Sentirte triste, con falta de energía, notando un nudo en el estómago, palpitaciones o miedo constante, es una experiencia muy habitual. Muchas personas no saben si lo suyo es ansiedad o depresión, o si simplemente están pasando por una etapa muy estresante.
Índice de contenido. ¿Qué vamos a ver?
Toggle- ¿Se pueden tener ansiedad y depresión al mismo tiempo?
- Sintomatología compartida y diferencias entre ansiedad y depresión
- Cómo se realiza un diagnóstico fiable
- Factores que complican la evolución
- Tratamiento: ¿Cuál es el mejor tratamiento para ti?
- BrainsWay y neuromodulación en Clínica Azorín
- ¿Cuándo debo pedir ayuda?
En realidad, hablamos de una afección en la que ambos trastornos (un trastorno depresivo y uno de ansiedad) se solapan. Son trastornos diferentes, pero muy relacionados, que comparten muchos síntomas y que, cuando no se tratan, pueden empeorar tanto el estado de ánimo como el cuerpo (dolor, tensión muscular, insomnio) y la capacidad para realizar las tareas del día a día.
En Clínica Azorín (Albacete), centro de fisioterapia avanzada, readaptación y neurología, vemos cada día pacientes que experimentan ansiedad y tristeza intensa a la vez. No es raro que ellos mismos digan que han empezado a tener ansiedad, pero que también notan apatía, cansancio y ausencia de interés por casi todo.
¿Se pueden tener ansiedad y depresión al mismo tiempo?
Sí. La ciencia sabe desde hace años que la depresión y la ansiedad pueden aparecer juntas. En consulta podemos encontrar:
- Un episodio depresivo con síntomas de la ansiedad muy marcados.

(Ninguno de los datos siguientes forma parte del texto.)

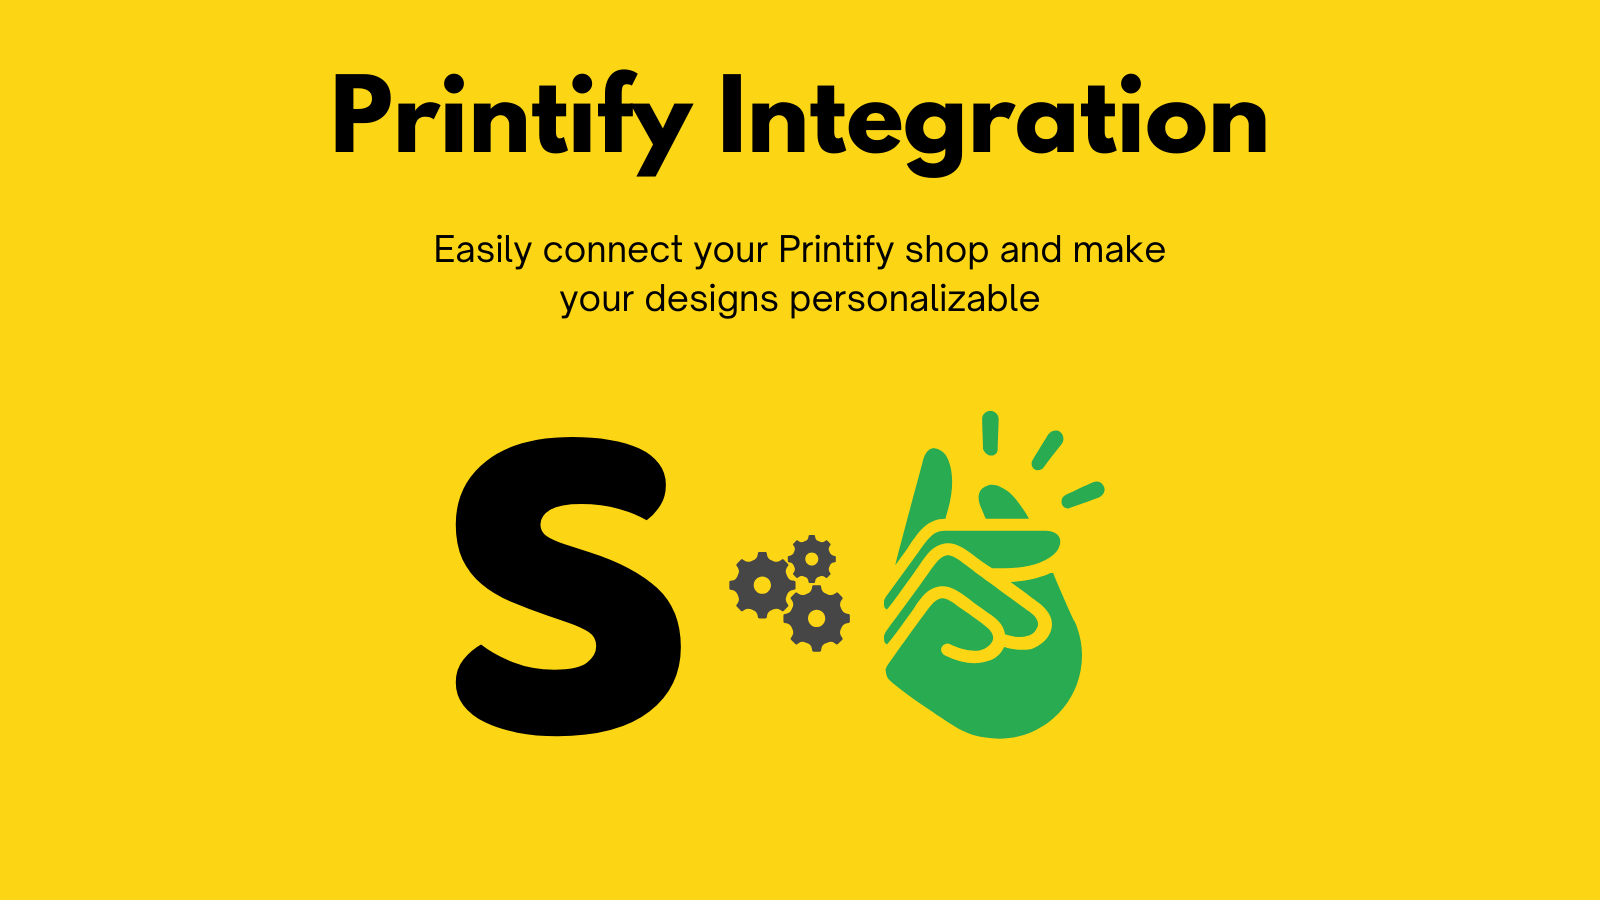 Printify-integratie met behulp van SnapArt voor aangepaste bestellingen

- Un trastorno ansioso depresivo (o trastorno mixto ansioso-depresivo).
- Un cuadro donde coexisten un episodio depresivo y un trastorno de ansiedad generalizada, un trastorno de pánico, un trastorno de ansiedad social o incluso un trastorno de ansiedad por separación.
Para la persona que lo sufre, cuando ansiedad aparecen juntas es difícil saber qué está ocurriendo exactamente. Se siente superada por varios síntomas físicos y emocionales y llega a pensar que su reacción es “patológica”, en el sentido de que ya ha pasado de un simple malestar a un problema de salud que necesita atención.
Esta combinación de dos trastornos es una afección real, perfectamente descrita en guías y manuales como el Diagnostic and Statistical Manual of Mental Disorders (statistical manual of mental disorders) de la American Psychiatric Association, y se aborda dentro del sistema de salud como uno más de los trastornos mentales frecuentes.
Sintomatología compartida y diferencias entre ansiedad y depresión
La sintomatología de ambos cuadros se mezcla, pero también hay matices importantes. Entender estas diferencias entre ansiedad y depresión ayuda a no minimizar lo que te ocurre.
Síntomas de la depresión
La depresión suele presentar:
- Tristeza intensa o tristeza patológica casi todos los días.
- Desánimo y ausencia de interés por actividades que antes generaban placer.
- Cansancio extremo y falta de energía desde primera hora.
- Problemas de concentración, memoria y toma de decisiones.
- Cambios en el apetito, muchas veces con pérdida de apetito.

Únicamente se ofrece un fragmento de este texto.